__Data below__.
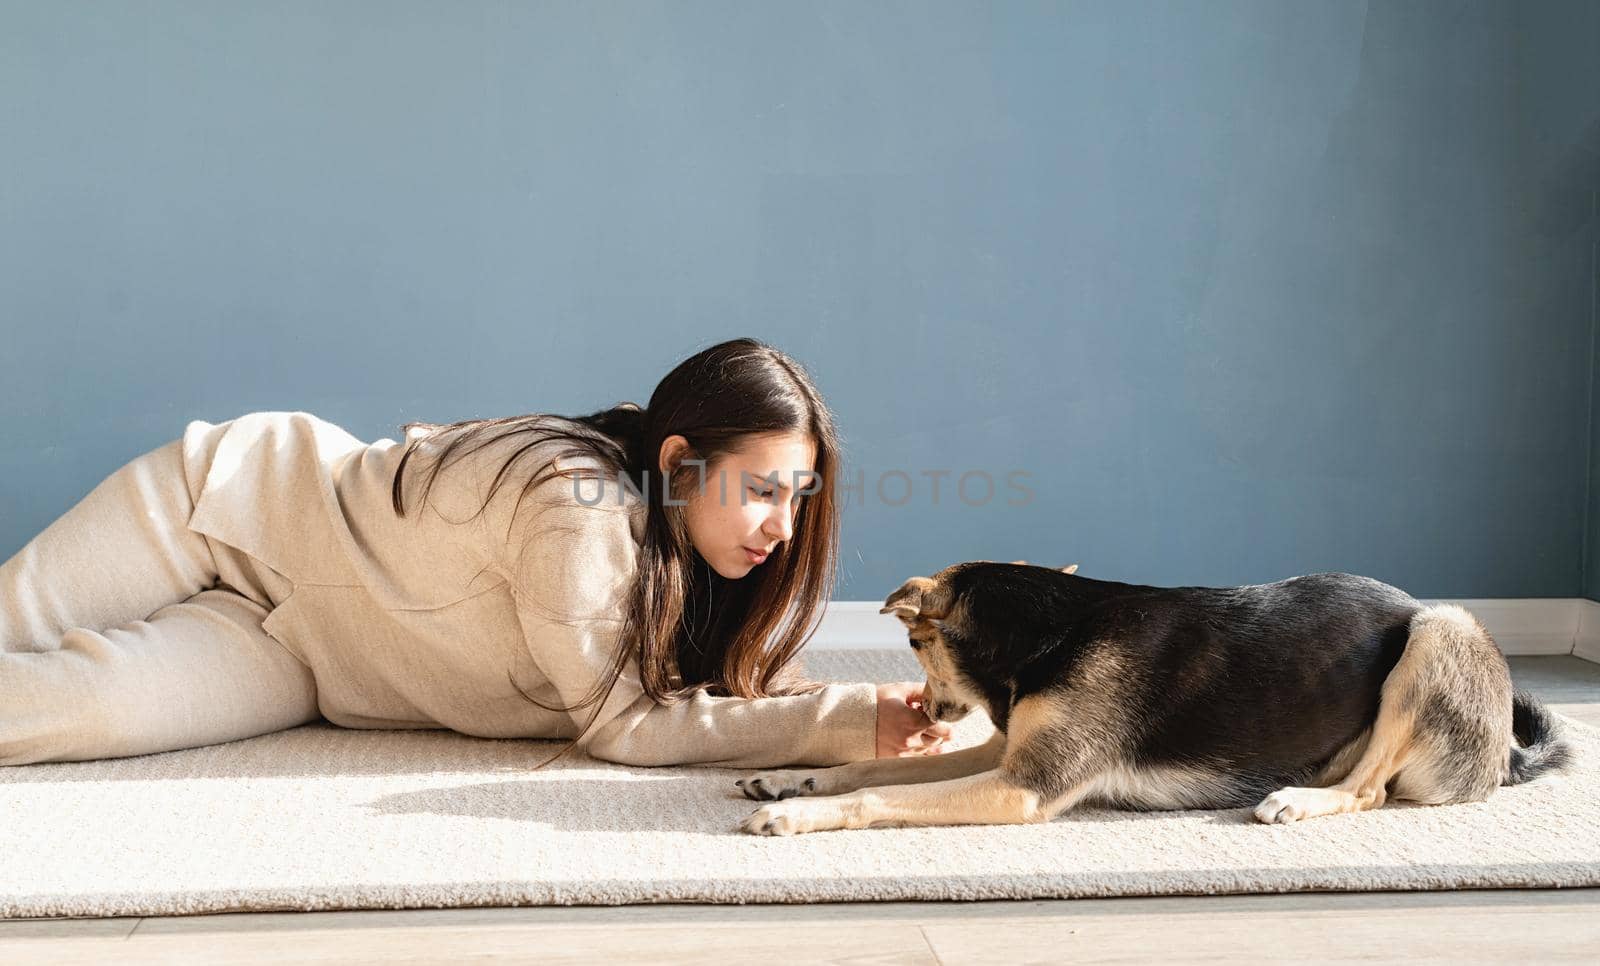 Beautiful woman with playful dog embracing at home by Desperada
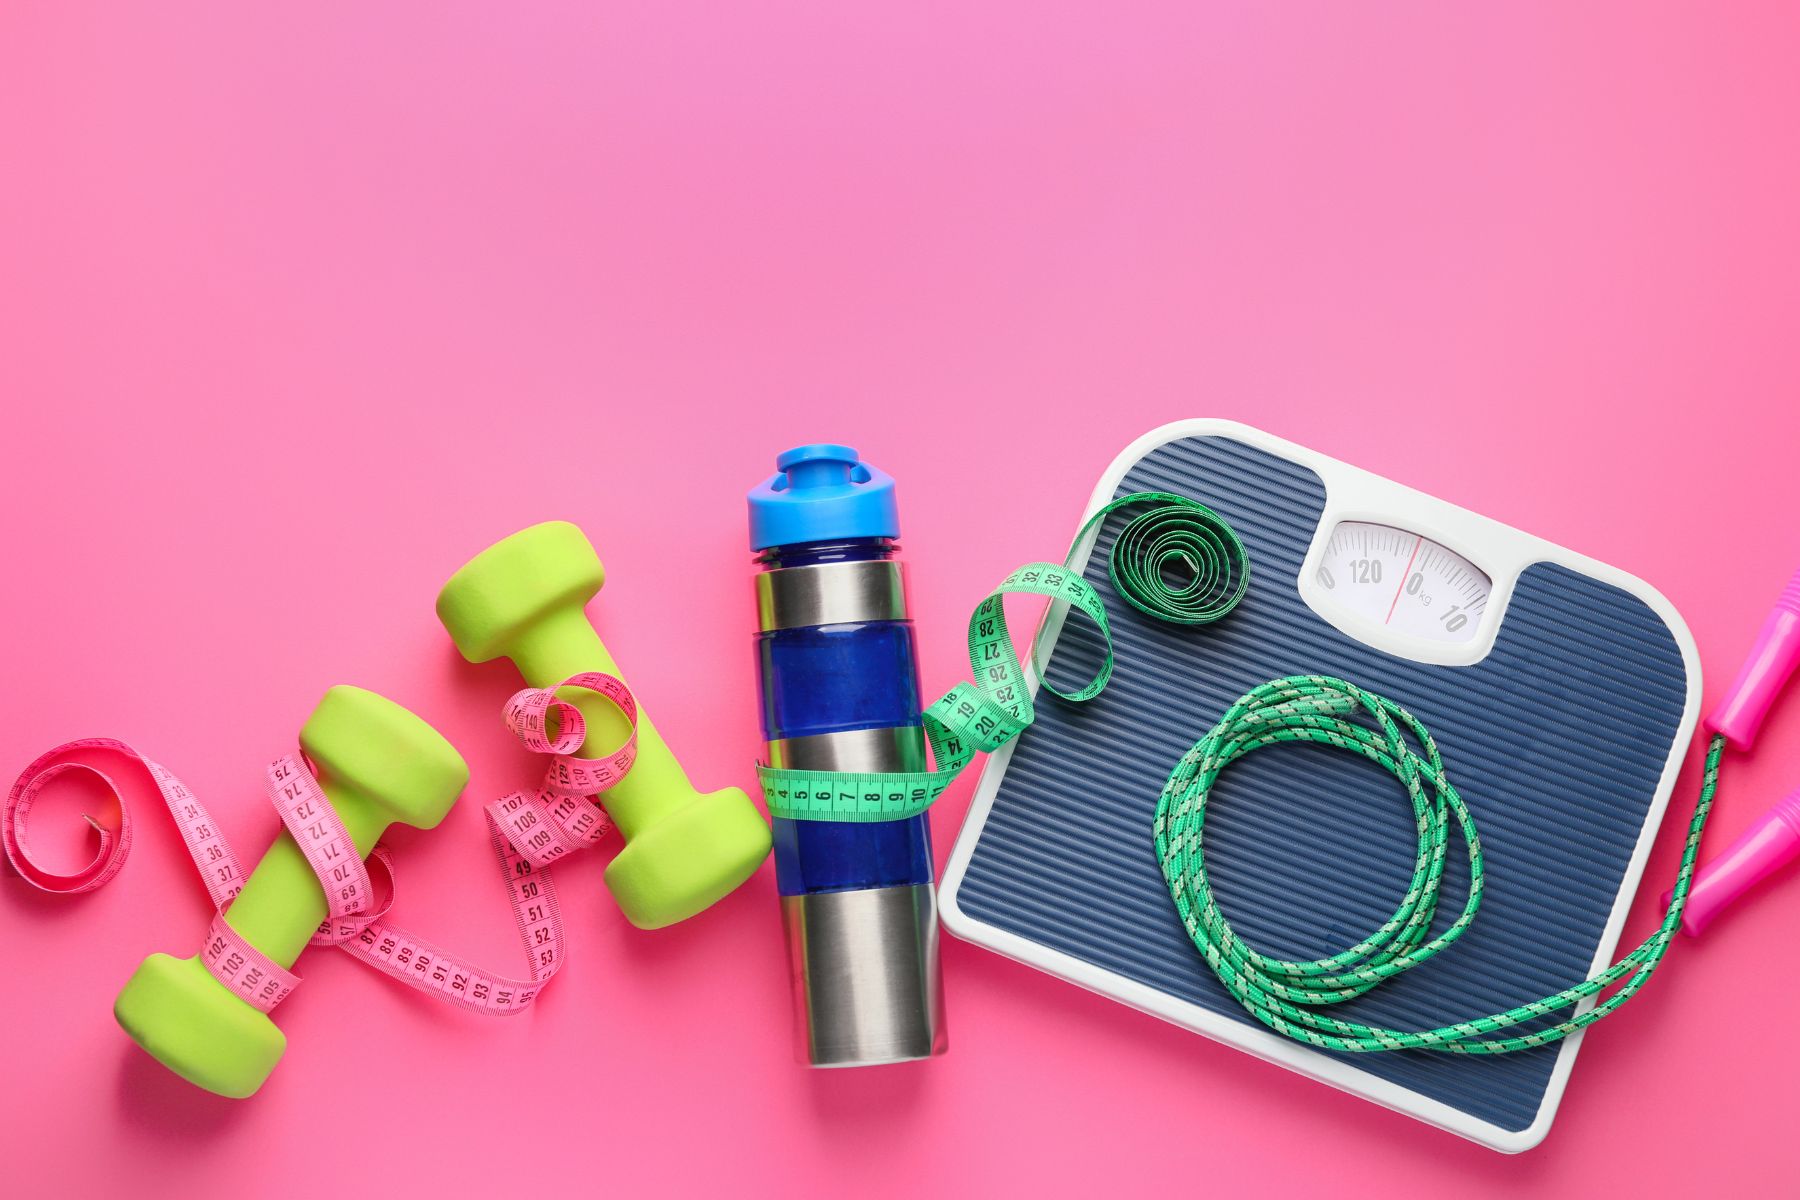 yellow dumbbells, blue water bottle, blue scale, green jump rope, against a pink background
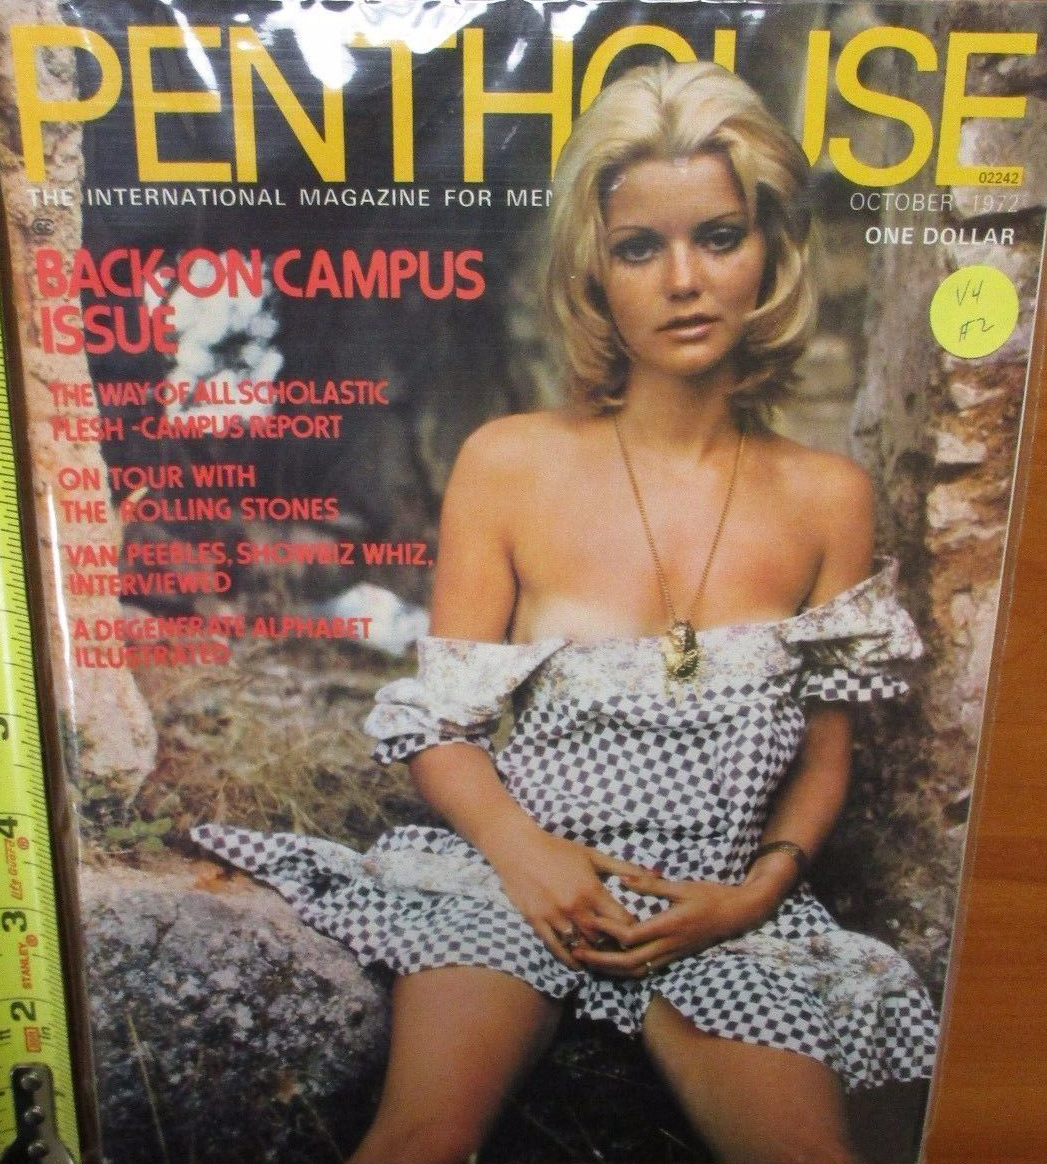 Penthouse UK Vol. 4 # 2 magazine back issue Penthouse UK magizine back copy Penthouse UK Vol. 4 # 2 Magazine Back Issue Published by Penthouse Publishing, Bob Guccione. The Way Of All Scholastic Flesh - Campus Report.

__Exercise directions__.
Reproduce the listing word for word and omit its pictures.

__Expected answer__.
 Beautiful woman with playful dog embracing at home by Desperada
 yellow dumbbells, blue water bottle, blue scale, green jump rope, against a pink background
 Penthouse UK Vol. 4 # 2 magazine back issue Penthouse UK magizine back copy Penthouse UK Vol. 4 # 2 Magazine Back Issue Published by Penthouse Publishing, Bob Guccione. The Way Of All Scholastic Flesh - Campus Report.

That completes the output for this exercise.